Not everyone is a born thinker. The Arrowsmith School has
a unique program to help make weak brains stronger.

Anne Papmehl
Toronto Globe and Mail
August, 2000

Nicholas is an affable, bespectacled 10-year-old who attends Toronto's Arrowsmith School. He has a passion for dinosaurs and a gift for technical explanation, which is self-evident as he demonstrates the school's brainbased computer drills: "This is the symbol-recognition exercise," he states confidently. "It helps with visual memory and reading."

Nicholas was not always so composed in social situations.

His mother, Licia Manocchio, first realized that Nicholas had a problem when he was in junior kindergarten. "I was visiting his class one day and we were painting Easter eggs together," she recalls. "I noticed how withdrawn he was - very different from the way he acted at home. I was shocked when the teacher told me this was his usual school behaviour."

In Grades 1 and 2, despite supportive efforts from his teachers, Nicholas's social difficulties worsened.

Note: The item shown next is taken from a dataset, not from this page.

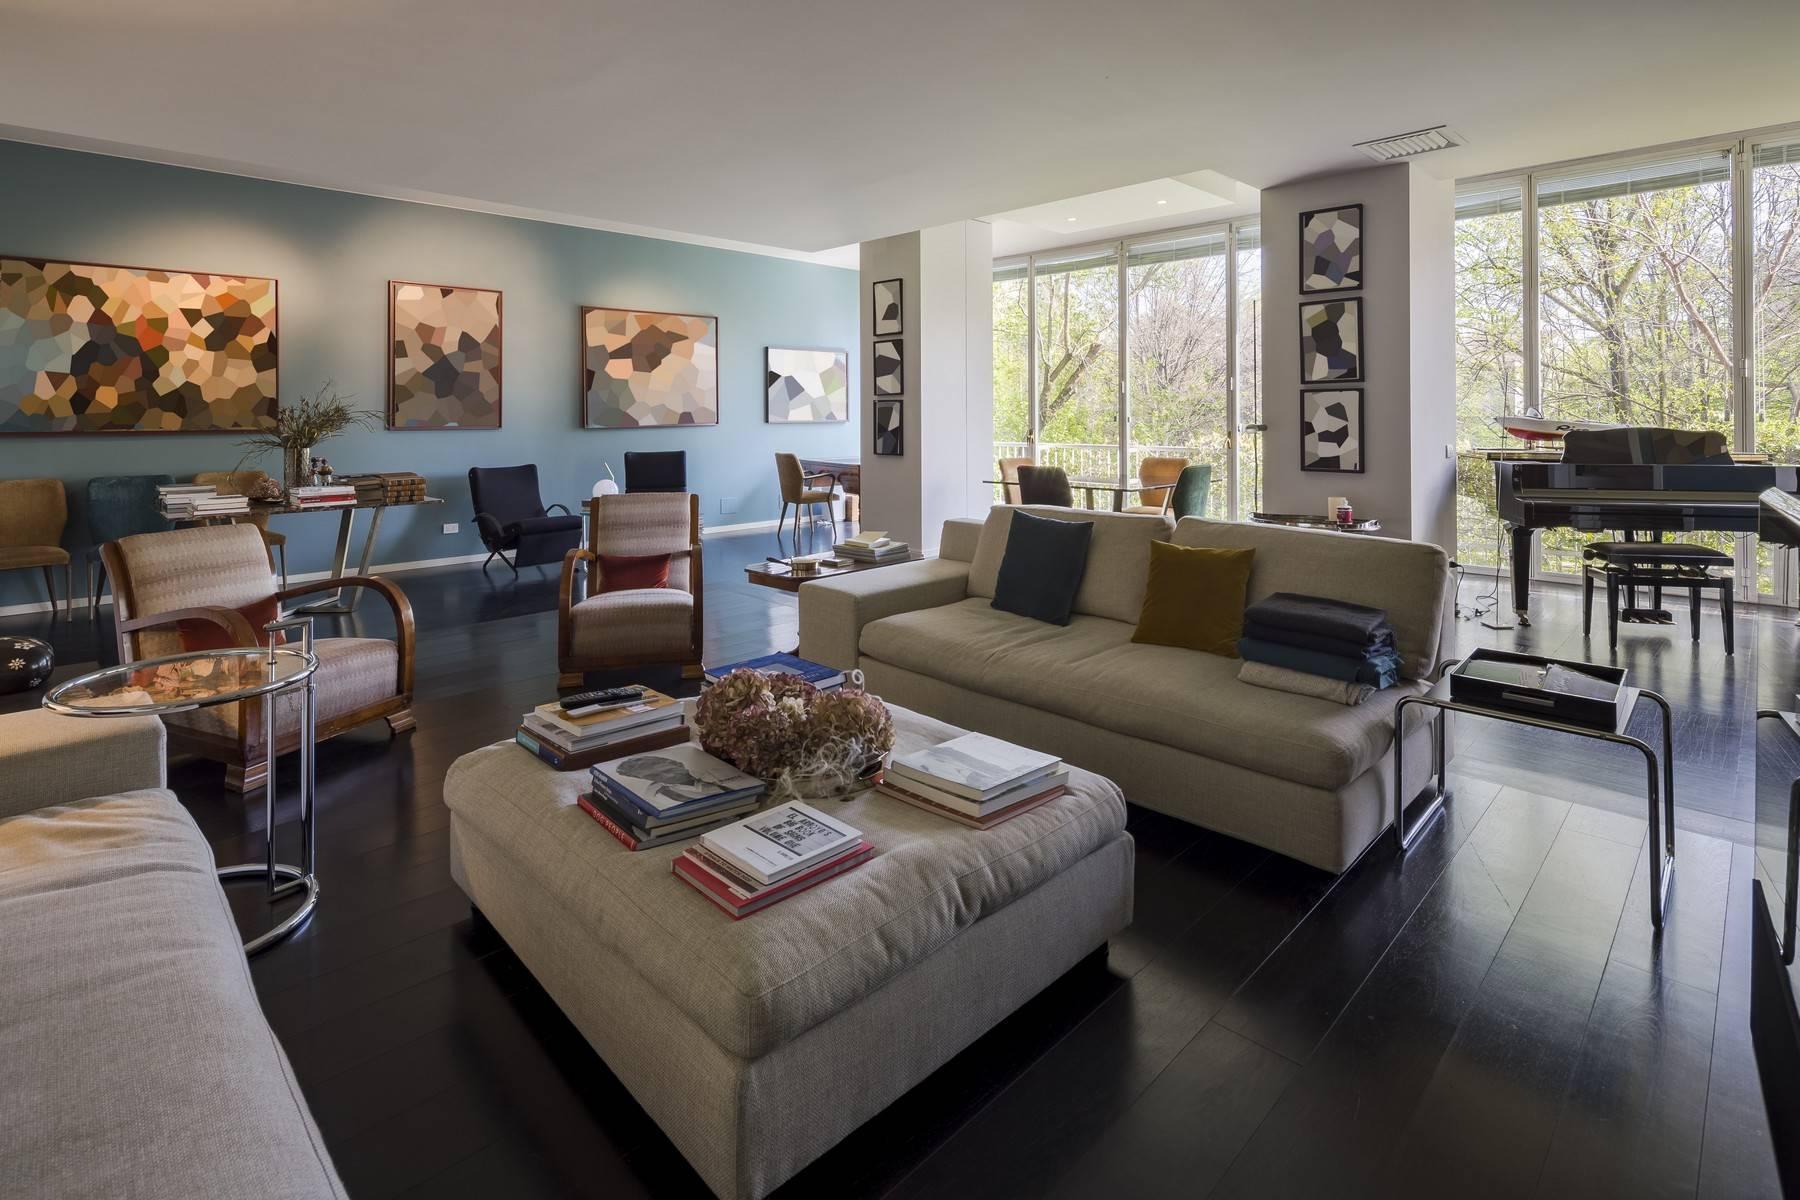 Magnifique appartement à louer d'environ 300 m² au coeur de Milan - 5
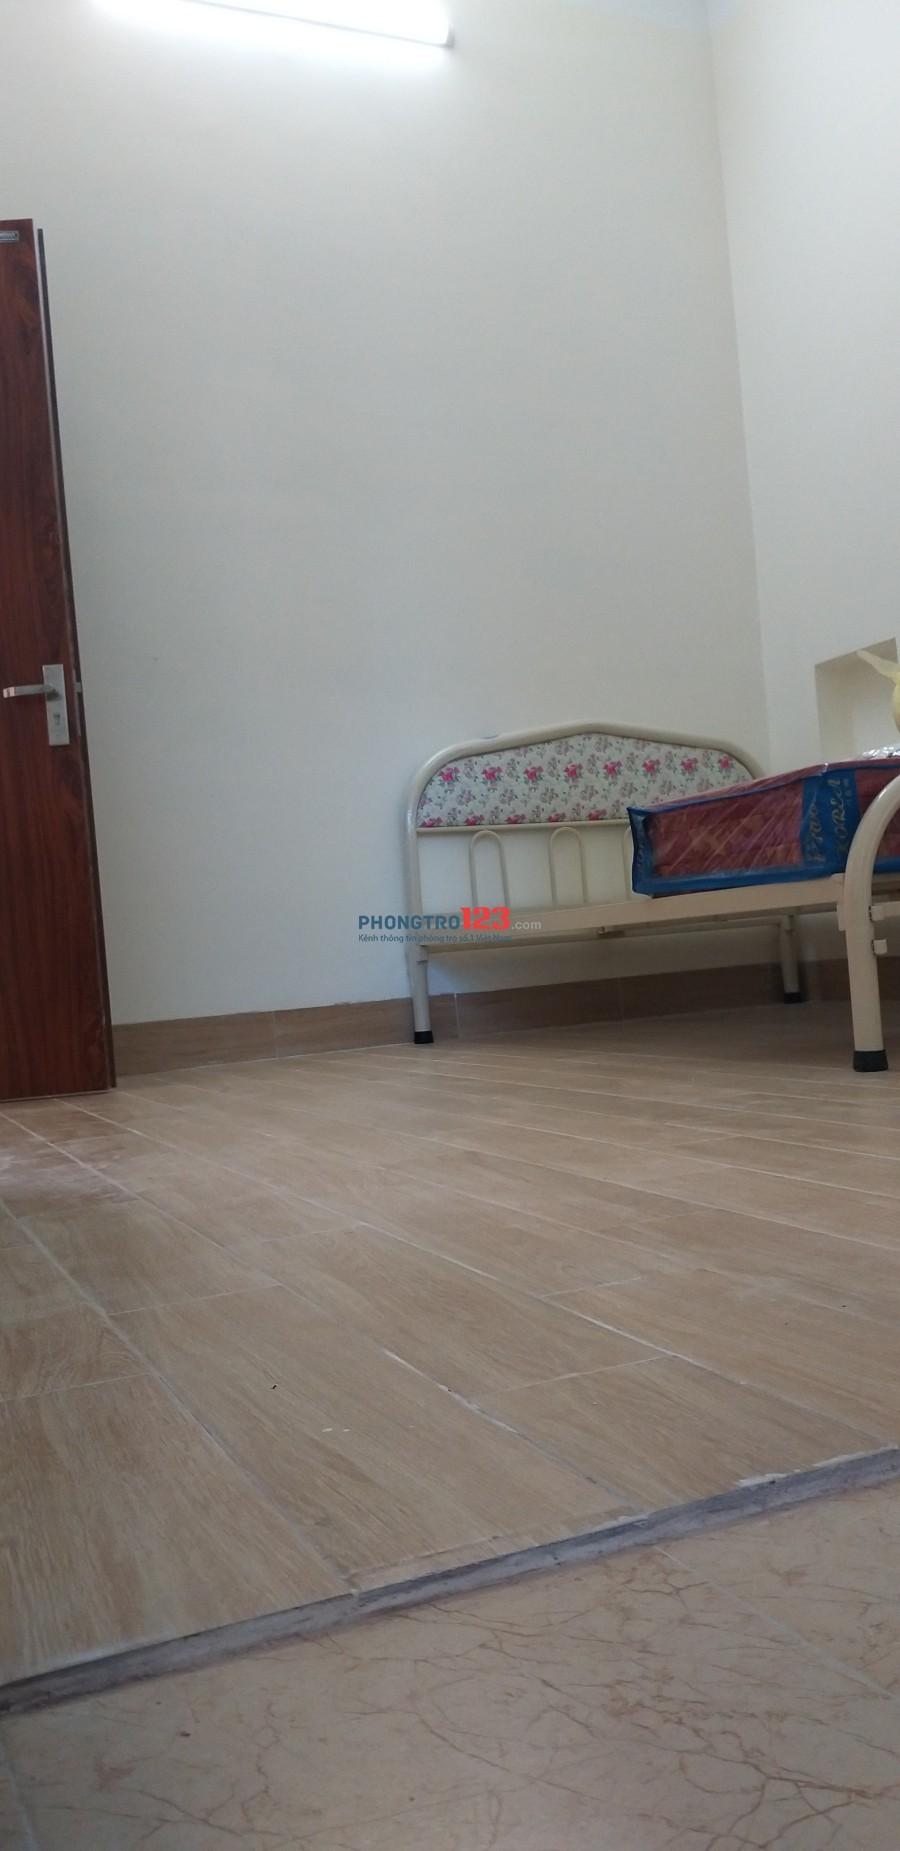 Cho thuê phòng trọ cao cấp, căn hộ mini đẹp nhất thành phố Vĩnh Yên, Vĩnh Phúc

By Grade 3, the problems had escalated to the point where Nicholas spent most of the school day crouched underneath his desk. That was until two years ago, when Ms. Manocchio learned that Nicholas had a learning disability and enrolled her son in a unique educational program offered at Arrowsmith School.

The school is named after its founder and principal, Barbara Arrowsmith Young. It was established in 1980 in Toronto as a private school, offering a program of repetitive exercises designed to strengthen weak brain areas.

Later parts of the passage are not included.